Before I start, I’m sitting on a street corner in my truck getting internet access from the coffee shop across the street, because I forgot my headphones again and because frankly I need music to stand the 8 hour wait that is my fiance’s work time. Since I drive her to work, and the commute is an hour, I can’t simply go home or do any normal daily activities that would be done. She’ll get her car and her license soooooon but the Department of Licensing here, and the Motor Vehicle Administration in Maryland don’t seem to agree on what documents are required nor are they helpful in telling us what other documents will be needed down the line, so here we are. Me in my truck, her car still at the dealership even though we’ve given them a deposit already.

Sorry that was longer than it was supposed to be. My only point was that I probably look like a creep sitting in my truck with my computer…

Day 8: Closets

I think today is an appropriate day to talk about closets and the scary things that happen when we stay in the closet or when we’re forced into the closet. Yesterday they were supposed to bring up the vote to end the ridiculously discriminatory Don’t Ask Don’t Tell policy. Actually, they were supposed to bring up the whole damn Defense Authorization Bill… but they voted against even bringing it to the floor. The closets people are forced into in order to simply serve their country and keep their job is scary. I’d like to join the Coast Guard. I want to save lives. I think I’d be pretty good at it. But I will not be forced into hiding who I am, I will not put my fiance through the pain of not knowing if I’m dead or alive because they wouldn’t notify her first. I won’t force her, or my family into a closet. This country loses probably millions of dollars training soldiers and then kicking them out just because they fall somewhere into that LGBTQI alphabet soup. It’s disgusting.
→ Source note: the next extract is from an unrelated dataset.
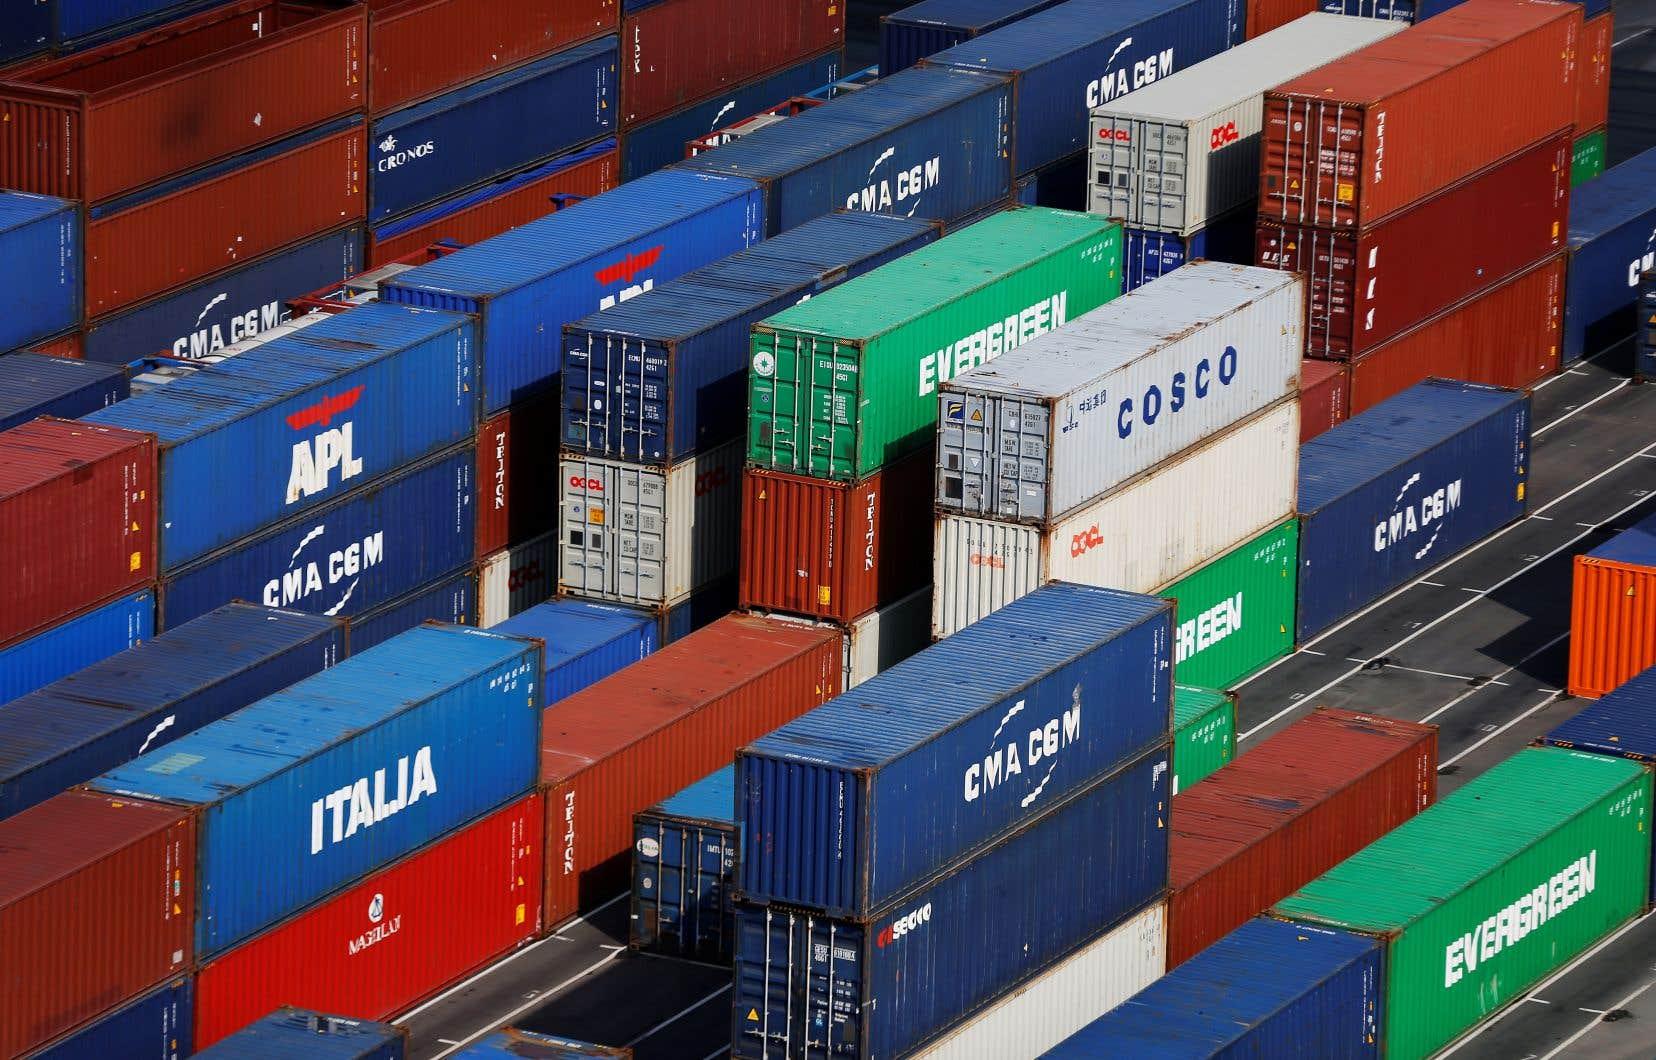 Le commerce mondial pourrait chuter entre 13 et 32% en 2020 selon le scénario probable ou pessimiste, avertit l'Organisation mondiale du commerce.
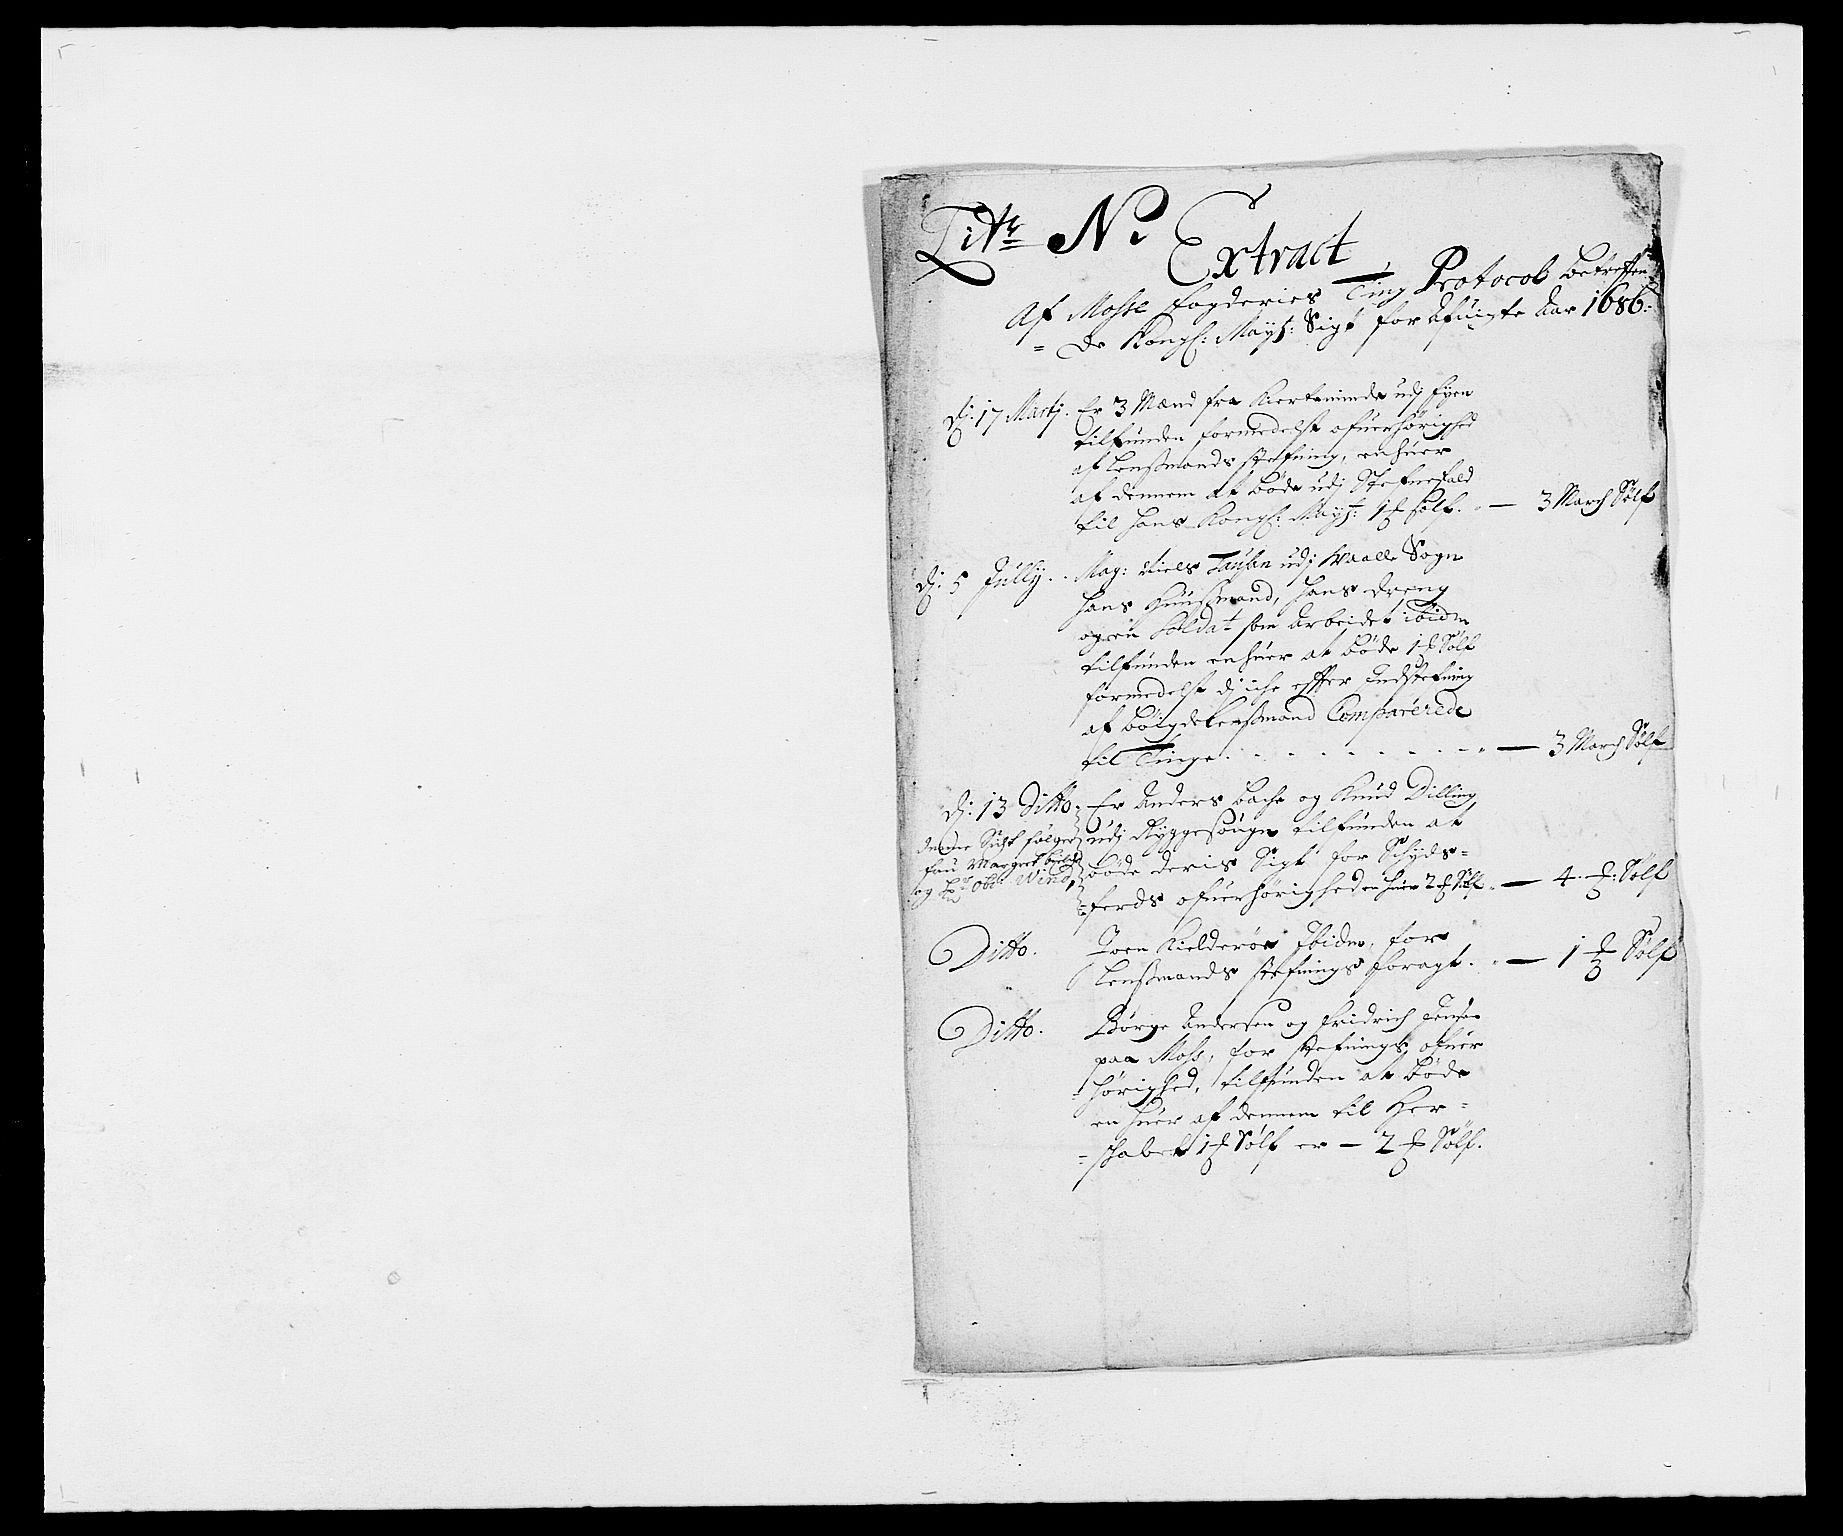 RA, Rentekammeret inntil 1814, Reviderte regnskaper, Fogderegnskap, R02/L0105: Fogderegnskap Moss og Verne kloster, 1685-1687, s. 175

I’ll just end my rant on what closets do with a quote from Harvey Milk.

“If a bullet should enter my brain, let that bullet destroy every closet door.” Harvey Milk

In other words, it’s time to come out from that scary closet. It’s dark and lonely in there, and out here we have a community, outside of the closet we have a family. The more people know people from our community, know out and proud people, the less they fear us. It’s that simple.